Appellant makes the point that defendants by filing their answer to the merits and the interpleaders by filing their interpleas to the merits waived their right to make any objection to the amended affidavit on the ground that it sets up a new claim. It is held in Maurer v. Phillips, 182 Mo. App. l. c. 447, that the filing of an answer after a motion to strike out the affidavit of attachment has *598been sustained, waives any alleged departure from the original cause of action. We have no complaint to make of this statement of the law but it does not go to the proposition before us, as such a procedure does not waive the right of the defendants or interpleaders to set up the Statute of Limitations in an answer or inter-plea. [Wasson v. Boland, supra, l. c. 627; Simms v. Field, supra.] We, therefore, hold that by filing the amended affidavit of attachment the plaintiff set up a new matter founded upon the Bulk Sales Law and that the Statute of Limitations was timely pleaded.

But appellant says that the ninety days’ Statute of Limitations does not apply to attachments under the Bulk.Sales Law but that the general Statute of Limitations governs.

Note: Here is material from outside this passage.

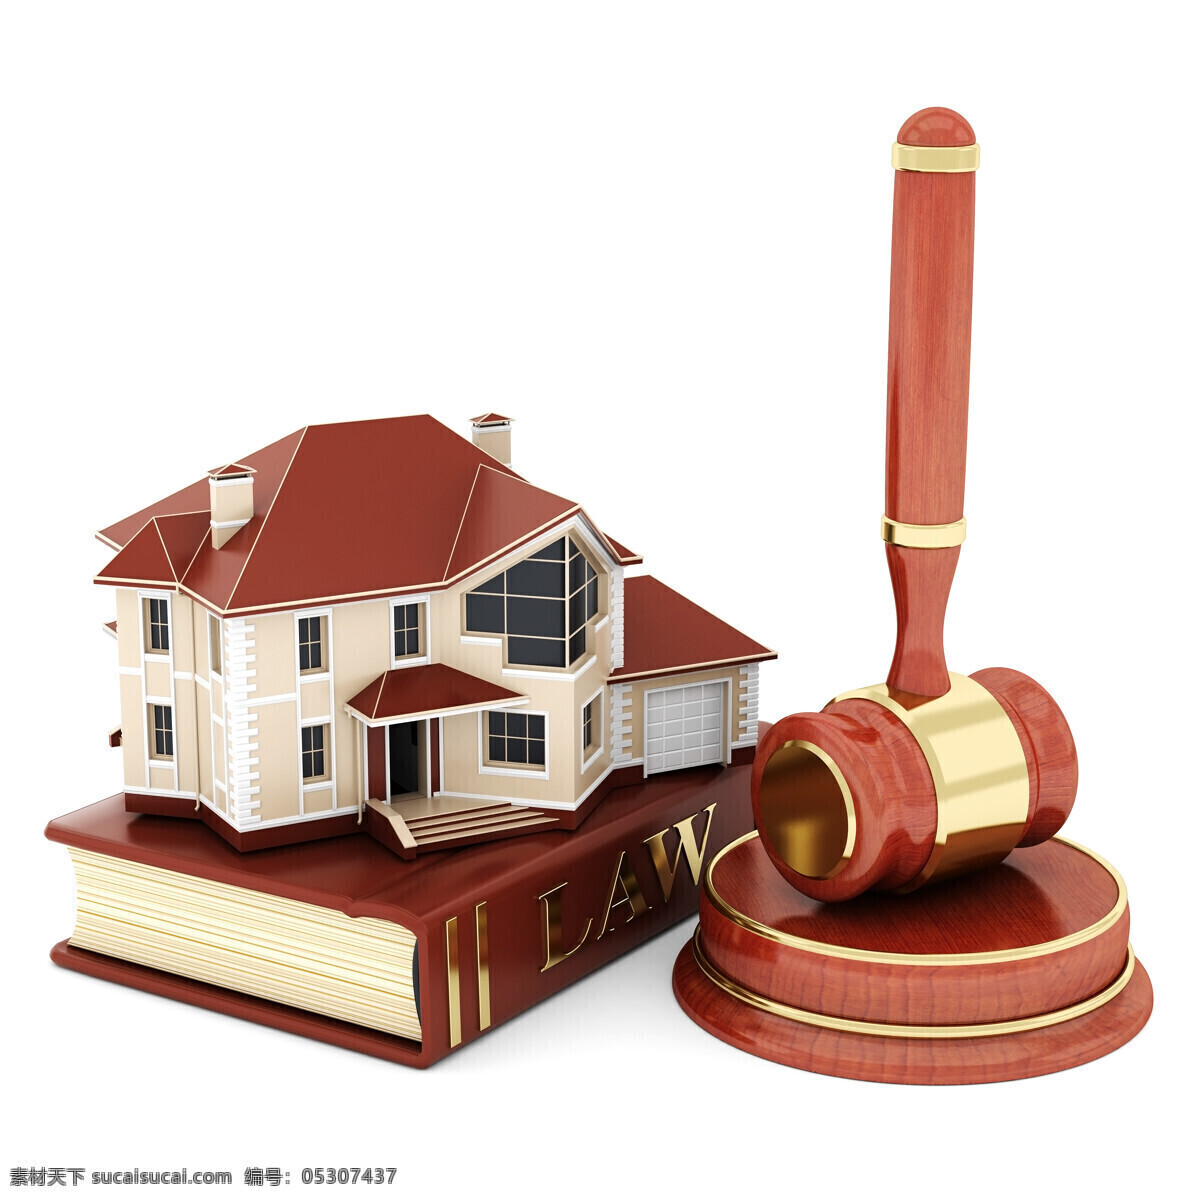 房产 法律 创意设计 别墅模型 法律锤子 法律书本 小木槌 书籍

This point has already been passed upon by this court in the recent case of Ward v. Stutzman, 195 Mo. App. 376, where it is held that the ninety days’ Statute of Limitations applies to cases like the one before us.

We also refer appellant to the last paragraph of the’ case of Ward v. Stutzman, supra, for an answer to their contention that this proceeding was against the vendor and not against the vendee.

From what we have said the judgment should be affirmed and it is so ordered.

All concur.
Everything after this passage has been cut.